A Systematic Perspective on Human Memory

John Gabrieli

Stanford University

Delineation of the functional architecture of human memory has been a major goal for psychology and for cognitive neuroscience. Beginning with the seminal studies of Ebbinghaus, one approach towards this delineation has been purely behavioral and not included any consideration of the actual neural architecture of human memory. This behavioral approach has been highly productive, but limited largely to the memorization of word lists. Further, theoretical progress has stagnated for the past decade as researchers debate whether one-process or two-process (e.g., recollection and fluency) models better account for verbal recognition memory. A second, memory systems, approach has attempted to identify specific neural networks that mediate specific mnemonic processes. This approach has several strengths, but also some limitations. First, only the systems approach can account for the many dissociations seen in patients with brain injuries that were unanticipated by behavioral theory, such as dissociations between explicit and implicit memory performance, between multiple kinds of explicit memory performance, and between multiple kinds of implicit memory performance. Second, the memory systems approach has broadened theorizing about memory to include many kinds of learning, ranging from repetition priming to classical conditioning to cognitive skill learning, in a synthetic framework.
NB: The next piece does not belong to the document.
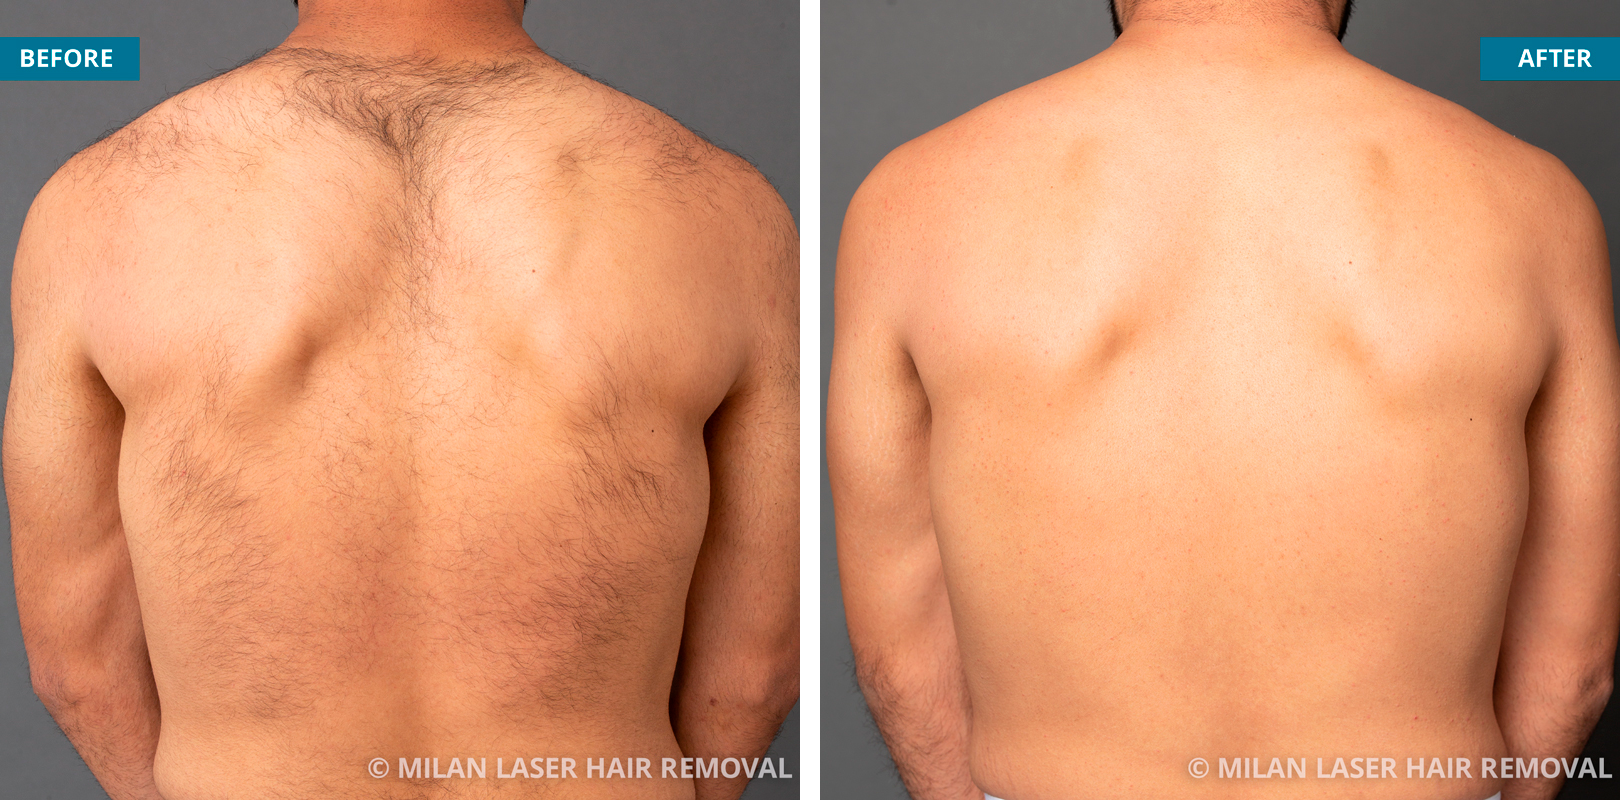 Men’s back after sessions at Milan laser hair removal Source: Milan laser hair removal

Third, the memory systems approach provides for the greatest number of constraints upon theory because it is informed both by behavioral and by neuroscience data. In turn, these constraints may provide a level of specificity and generalization that is accurate for principles that govern particular forms of memory. Fourth, the memory systems approach has been generative, from the discovery of implicit forms of memory to integration with novel functional imaging techniques. One critique of the systems approach is that there may be many memory systems, but it is unclear why that is a weakness of this approach if there are actually many memory systems in the human brain. One important limitation of the memory systems approach is that it does not characterize the actual processes mediated by the systems (i.e., that a form of memory depends upon a particular brain structure does not explain what mnemonic process is mediated by that structure). That, however, is a limitation of theory and knowledge in both psychology and neuroscience.